You can’t say they weren’t warned.
When Canada’s largest Class I railroad swept in to snatch the smallest one in the U.S. in May, a major shareholder urged it to back off. TCI Fund Management pointed out that Canadian National was taking a potentially ruinous gamble by agreeing to buy Kansas City Southern . Now a scenario even worse than what TCI imagined appears possible.
The first step in the acquisition is to have the Surface Transportation Board approve a voting trust funded but not controlled by Canadian National that would acquire Kansas City Southern for what was originally $325 a share in cash plus Canadian National stock. That decision is pending.
The two companies made a joint filing on Tuesday arguing for approval of the trust and emphasizing what they say are the deal’s pro-competitive qualities. But The Wall Street Journal reported that President Biden might issue an executive order as soon as this week targeting concentration in the ocean and rail shipping industries. That would make consolidation—already a fraught issue for North American freight railroads—even tougher.

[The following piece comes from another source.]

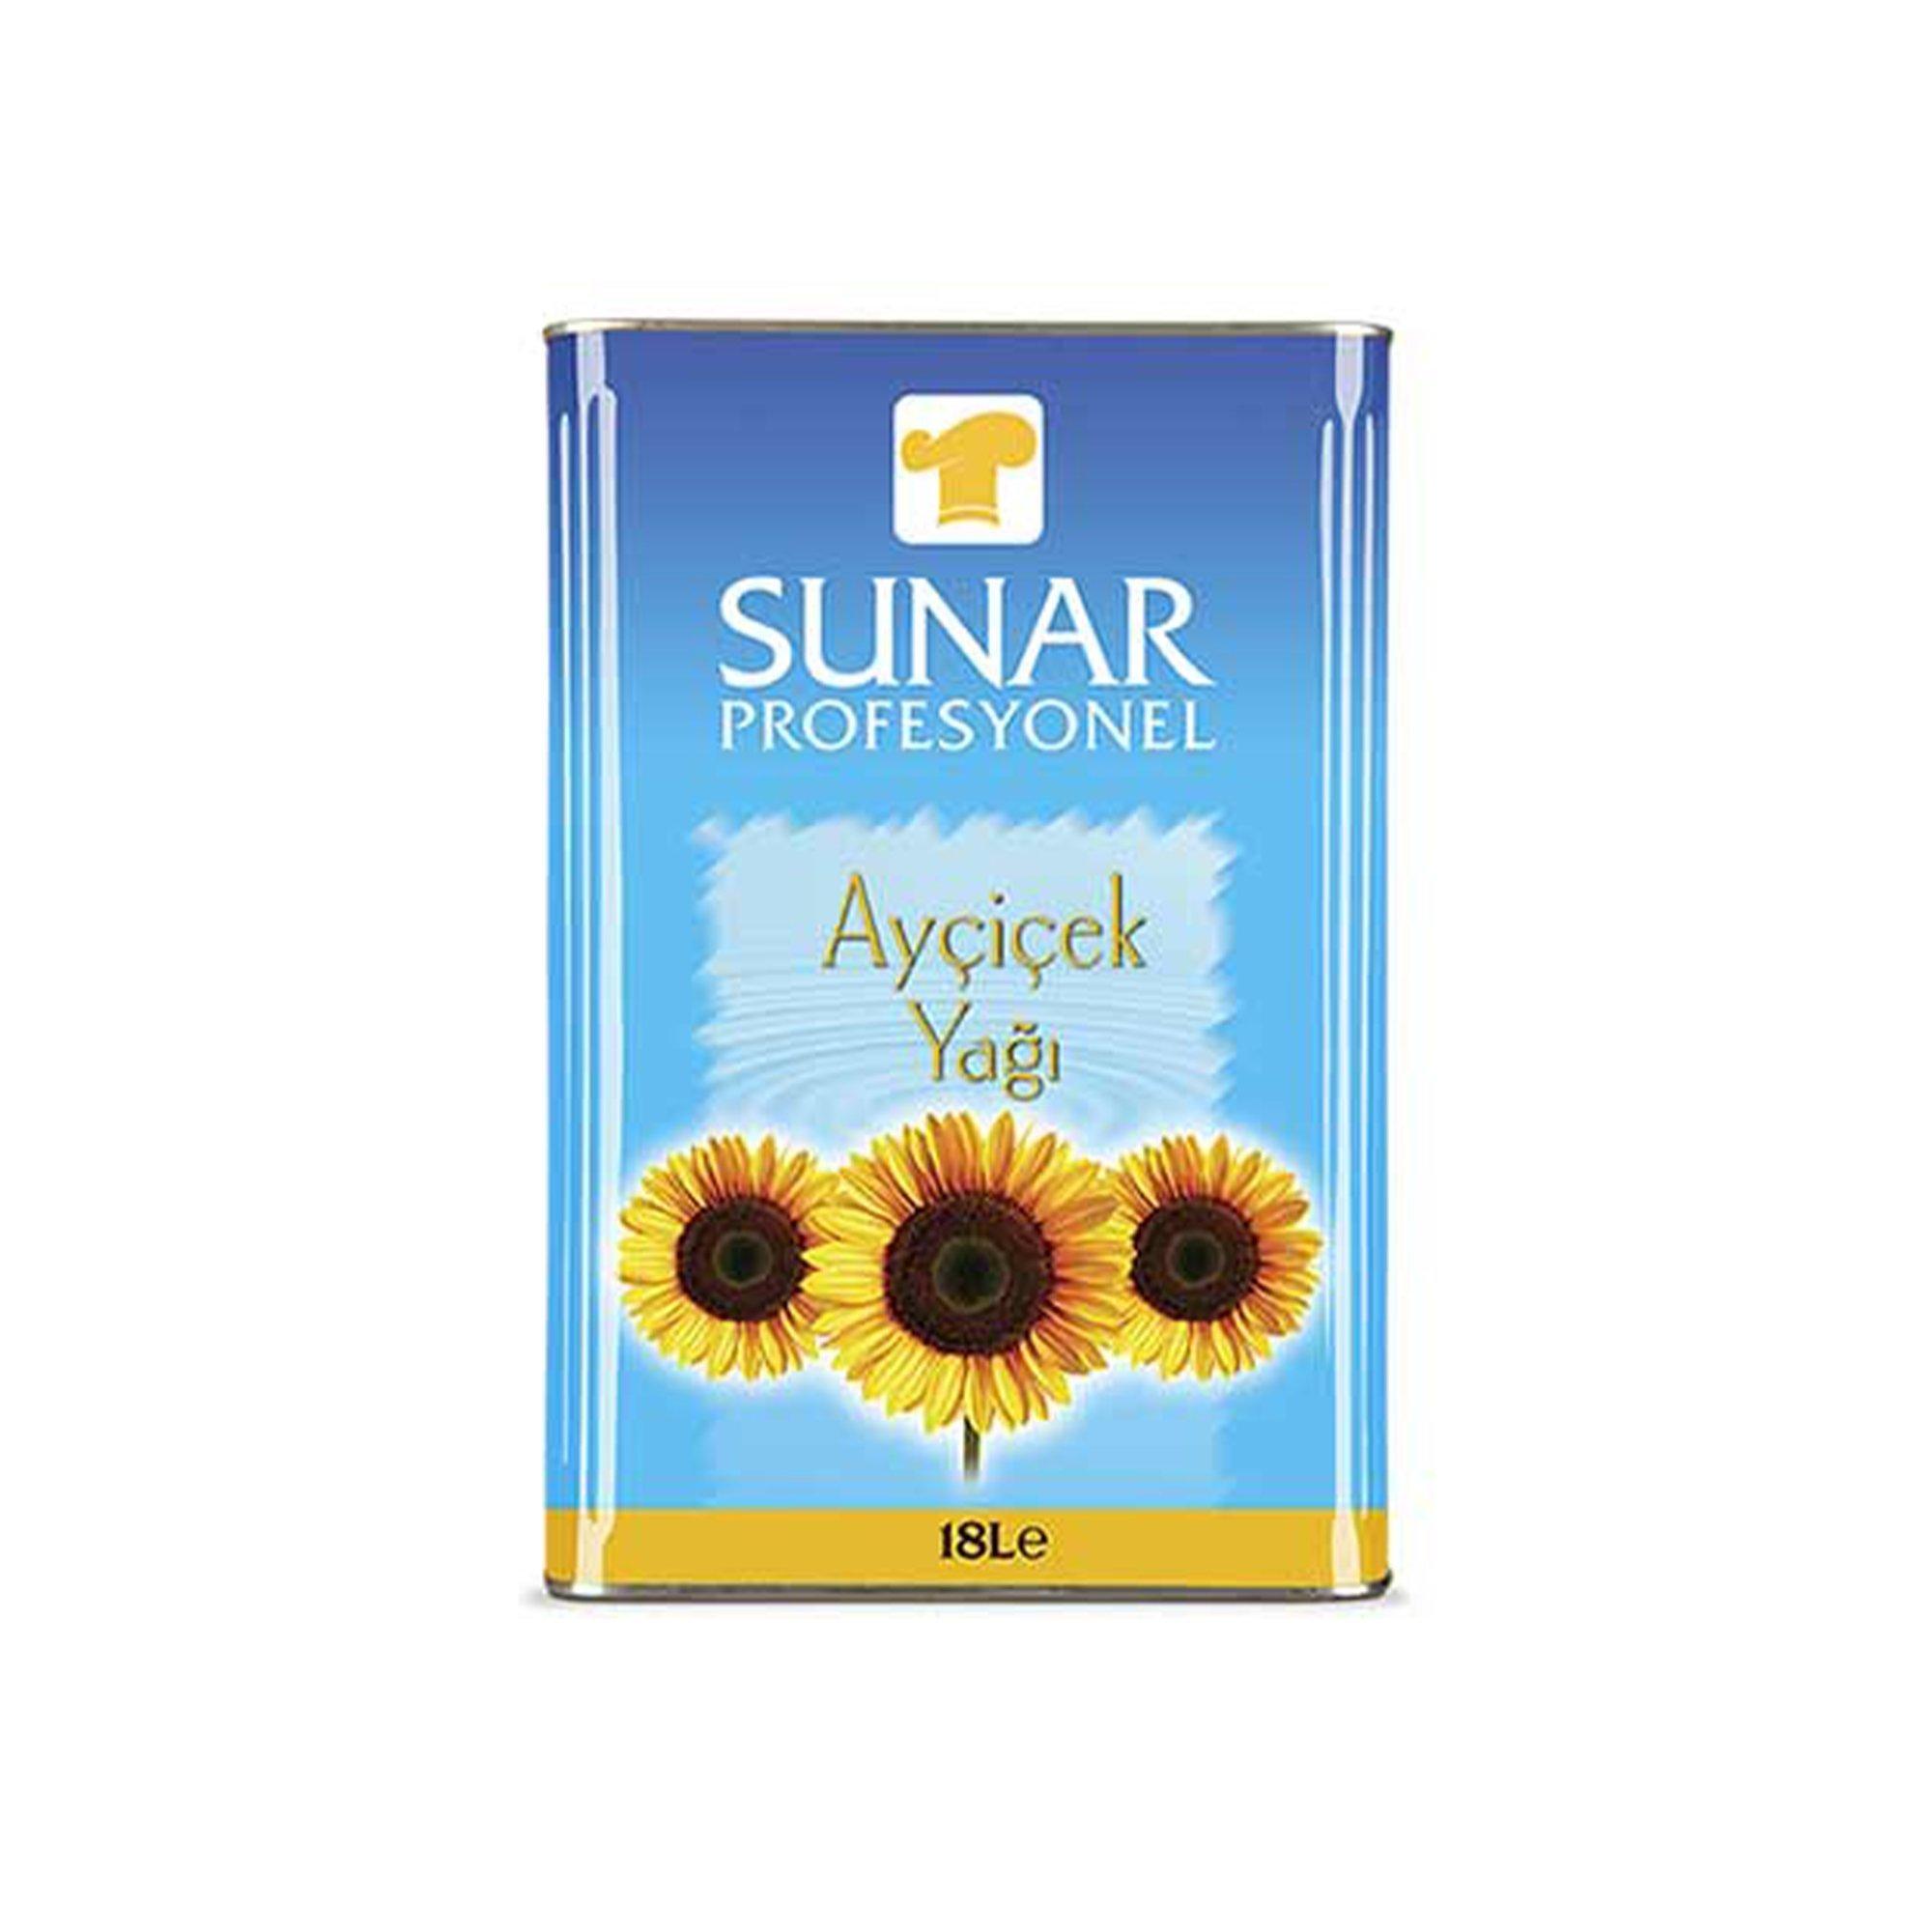 SUNAR AYCICEK YAGI *CATERING 18LT

If the voting trust isn’t approved, Canadian National might be out $1.7 billion plus expenses accrued so far. That is the sum of a termination fee due to Kansas City Southern’s original suitor, Canadian Pacific , and a reverse breakup fee. If it is approved but the merger eventually isn’t by the STB, then the voting trust would have to dispose of its shares, potentially at a substantial loss. The premium between the pre-offer value of Kansas City Southern and the price Canadian National will have paid is about $14 billion. That was the scenario TCI feared.